Он был уже взрослый двадцатисемилетний офицер. Он знал, что в жизни почем, и понимал, что интеллигентность связана с беззащитностью и какой-то жизненной недостаточностью. И дело вовсе не в том, что директора с женой арестовали. Арестовывали людей и куда защищенней. Просто интеллигентность подразумевала невозможность целого ряда поступков, необходимых для служебного и семейного благополучия.

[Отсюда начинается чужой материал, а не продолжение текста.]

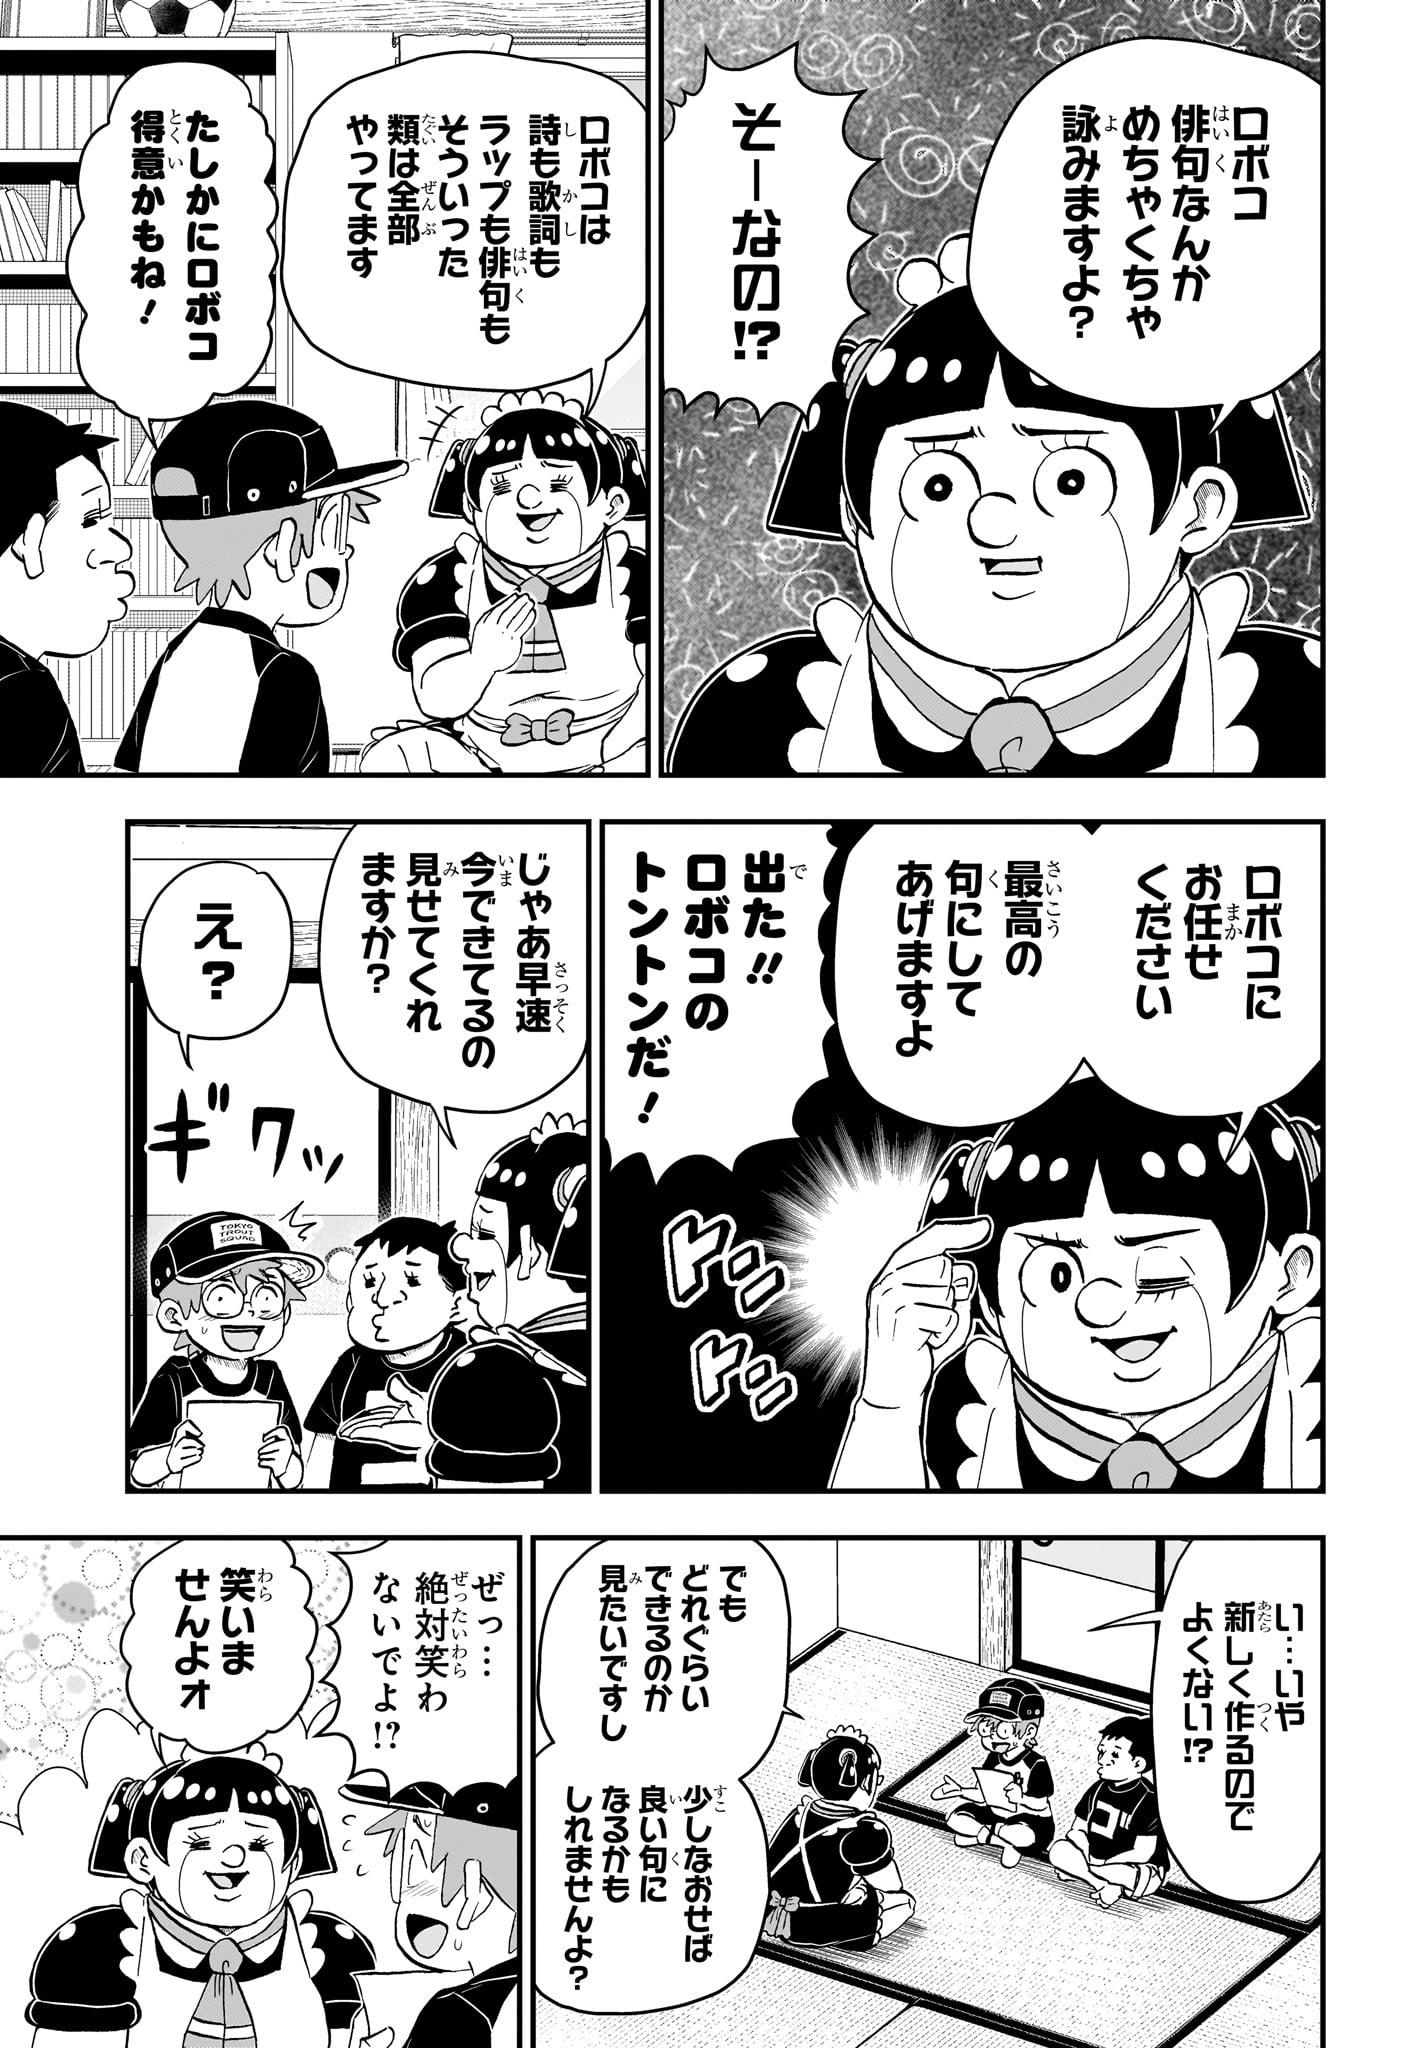 Boku to Roboko - Chapter 192 - Page 3

Поэтому Ращупкину казалось, что женщины интеллигентнее, духовнее, что ли, мужчин, бескорыстней, во всяком случае. И те девушки, что сидели в скверике, раскрыв толстые учебники, но, не глядя в них, щебетали о своих тайнах, казались Константину Романовичу воплощением самого высшего и лучшего в этом раздираемом войной и злобой мире.

Но клин не сходился на одних студентках. Женщины были и в самой Академии. Была там пропасть лаборанток, да и кафедра иностранных языков почти сплошь состояла из женщин. Лаборантки, впрочем, немногим отличались от зенитчиц. Хотя они и носили цивильное, но отчаянно липли к неженатым, а некоторые и к женатым слушателям. Зато на кафедре иностранных языков было несколько молодых преподавательниц и с одной из них, немкой, Кларой Викторовной Шустовой, Ращупкин очень сдружился и через нее проник в общество штатских молодых мужчин и женщин. С самой немкой у него романа не состоялось. Марья Александровна была начеку. В общежитии, которое отделяло от Академии не более ста метров, было не только все видно, но и слышно. Но даже и без любовной связи общение с молодой преподавательницей было для Константина Романовича чрезвычайно увлекательно и полезно, хотя повлекло немало семейных неурядиц.

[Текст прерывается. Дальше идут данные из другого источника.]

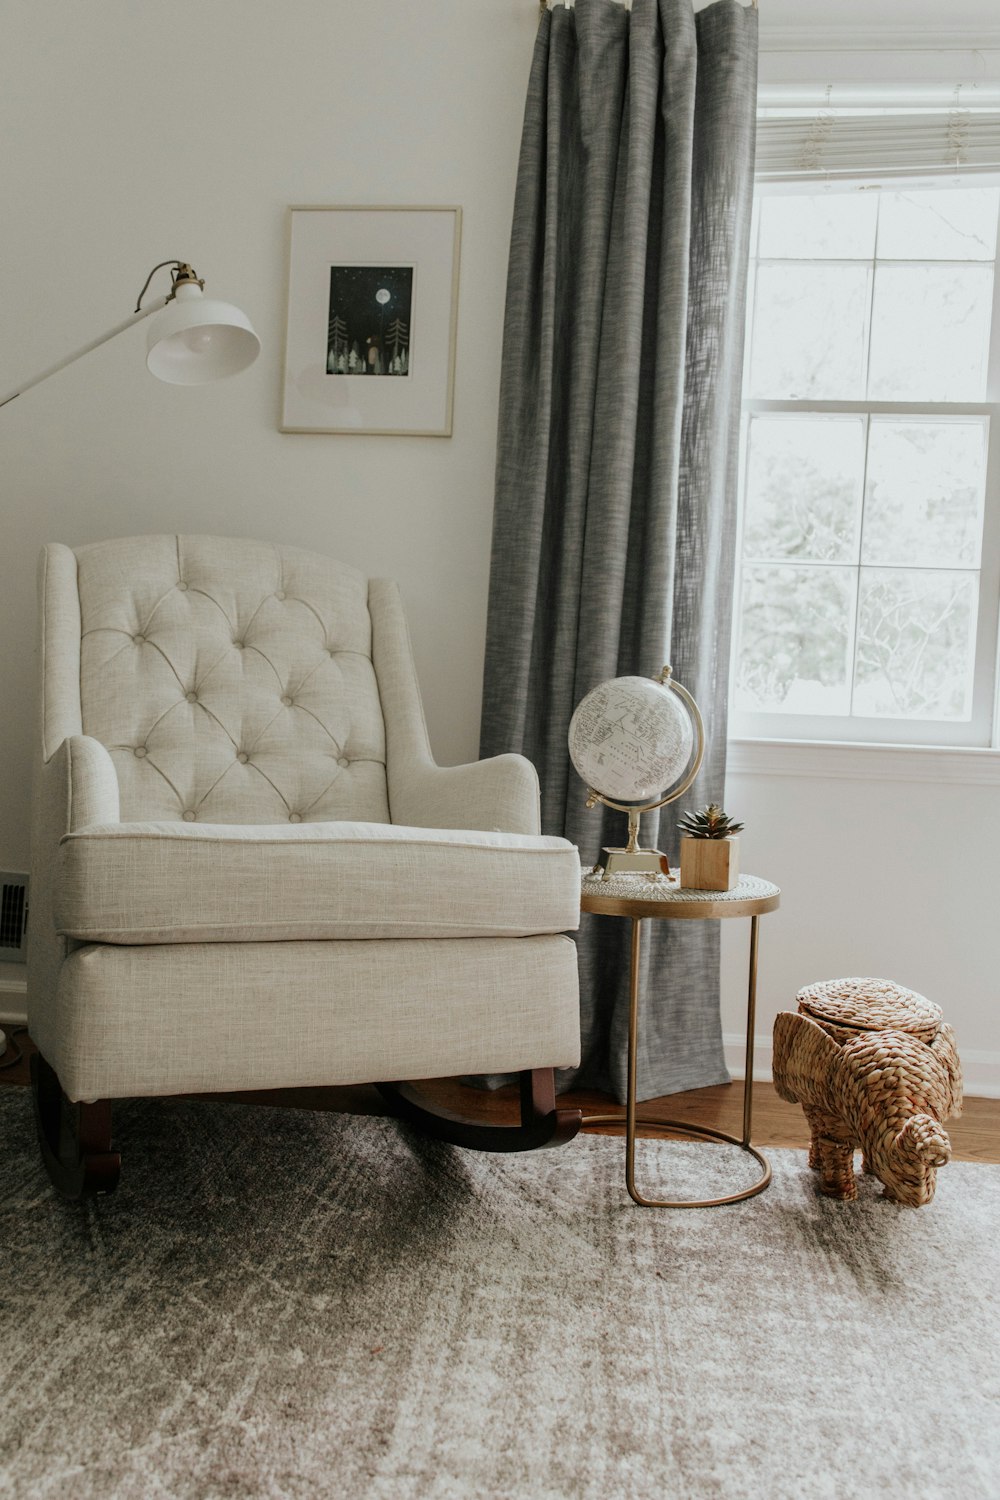 white sofa chair near white window curtain
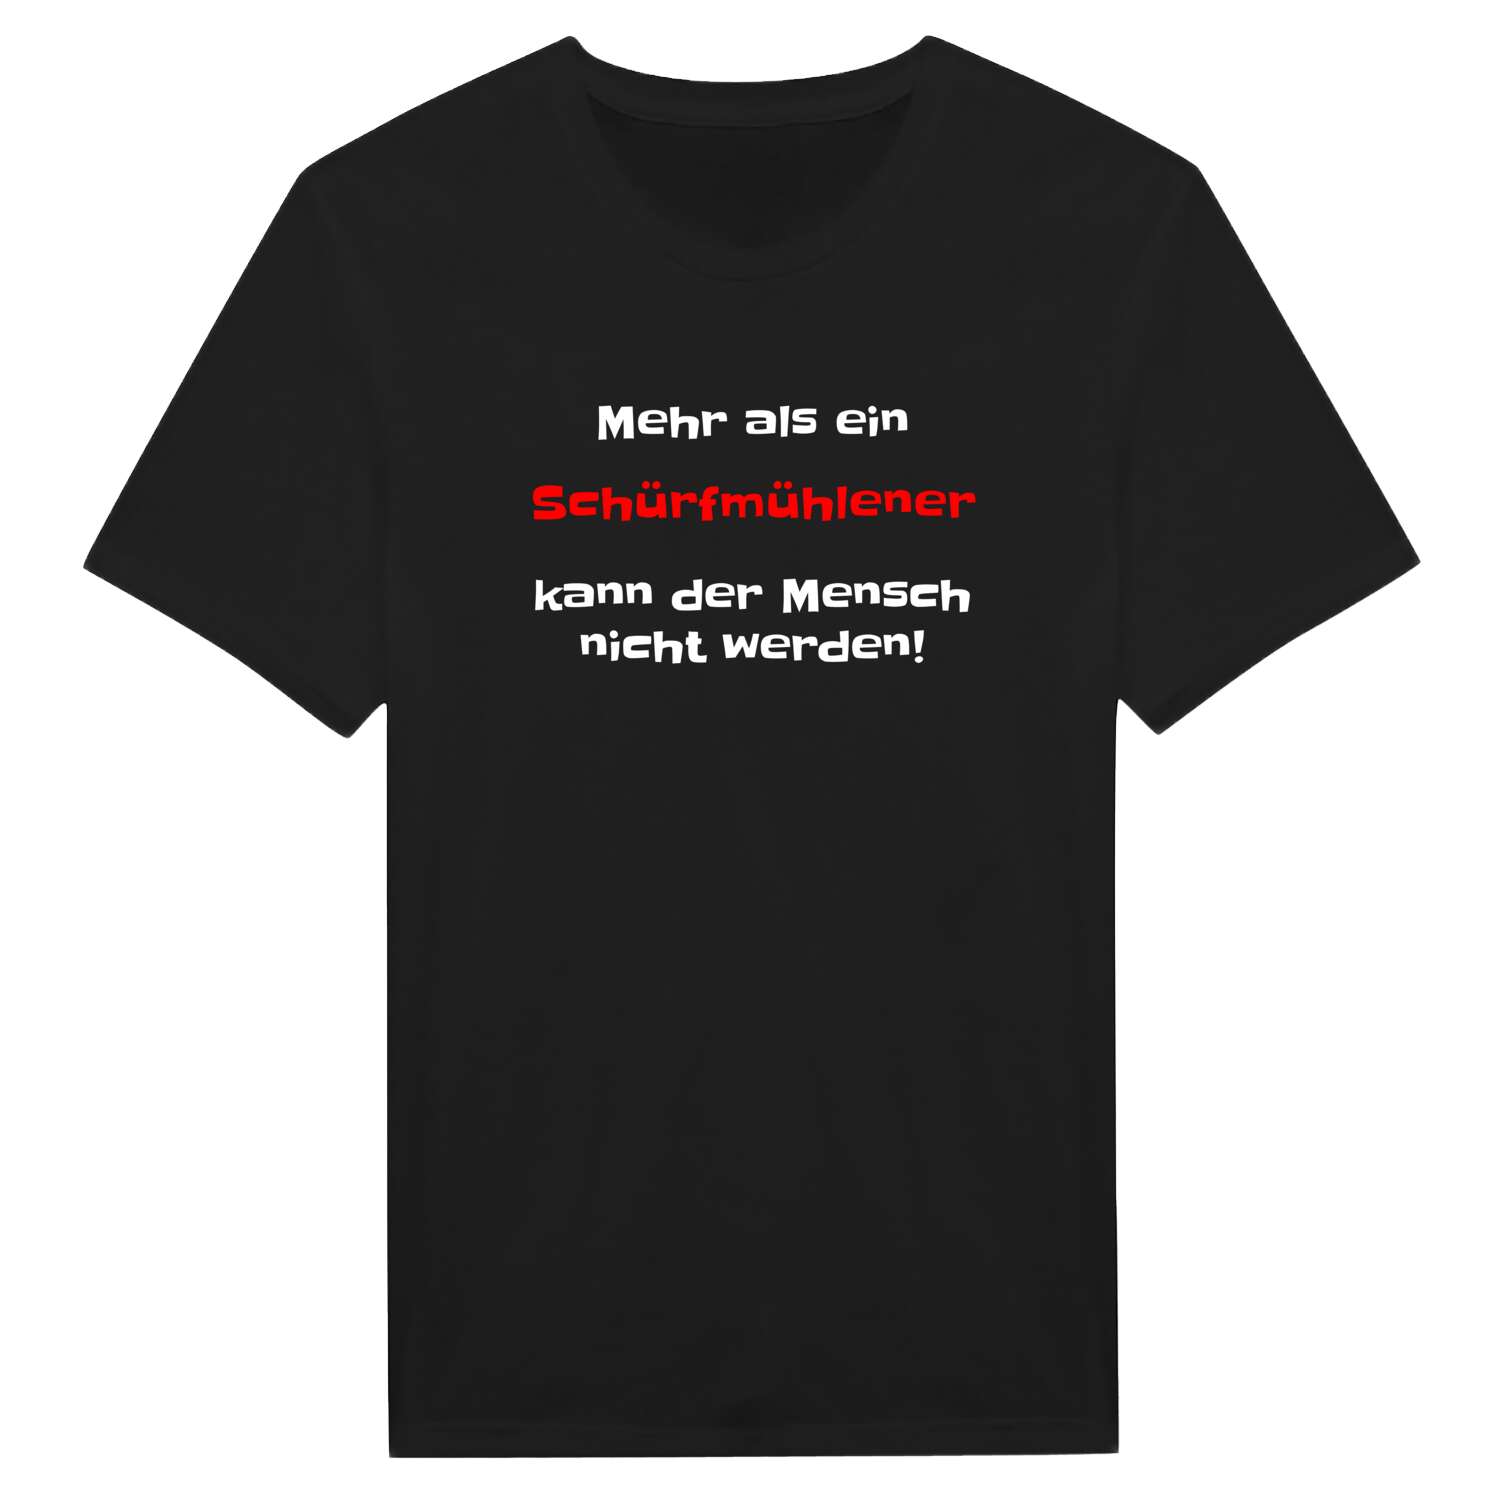 Schürfmühle T-Shirt »Mehr als ein«

Ращупкин любил жену. Она была всего на два года старше, по-своему неглупа, надежна, распорядительна. Она родила ему двух сыновей, вела дом и служила верно и уважительно, как старшина-сверхсрочник. Но она у него уже была, а всех остальных женщин, из библиотек и вообще со всех московских улиц, - у него еще не было. Она жила с ним с самого конца победного года. Ради него бросила работу, располнела от родов и постепенно опускалась нравственно и физически именно потому, что он поднимался и рос. Он ее любил из благодарности и еще потому, что она была ему нужна. Он тосковал по ней с третьего дня ее отъездов (она часто, но с большой неохотой уезжала на Украину к родителям). Но она у него была. Была, как Вчера, как в лучшем случае Сегодня, как в свое время батарея, дивизион (как сейчас - полк), и не было в ней никакой мечты, ничего непознаваемого, запретного, высшего. Просто она была и была, и даже понемногу становилась хуже, в чем Ращупкин сам себе боялся признаться. Она была реальная, а Константина Романовича тянуло к чему-то смутному, неопределенному. Она была своя, а его тянуло к чужому. Ему хотелось чего-то такого, чего нельзя вычитать в книге и вызубрить к экзамену, чего-то вне правил, не в смысле крамольного политически, но такого, как писал Есенин, чтоб "мечтать по-мальчишески - в дым".

Преподавательница немецкого не была такой, хотя и в ней были какие-то зачатки непознаваемого. Но она познакомила его с другими людьми. Он побывал на нескольких праздничных сборищах у Крапивникова, где сходились журналисты, начинающие литераторы, кандидаты наук, аспиранты и тому подобный народ, но ни с кем Ращупкин не сдружился, скорее мешал другим разговаривать и шутить. У него не было штатского костюма. Таких больших размеров не продавалось, а возиться с шитьем не было времени и денег. И, конечно, этих штатских тревожил его китель. Но, возможно, еще сильней кителя раздражала его безапелляционная манера разговаривать. Он не намного был старше этих штатских, даже моложе некоторых, но давняя привычка отвечать за людей и повелевать людьми не могла не сказаться. И еще мешало вечное желание быть первым. Еще не дослушав собеседника, он, сам того не желая, начинал его поучать - и это смешило штатских, привыкших к легким, неуставным разговорам.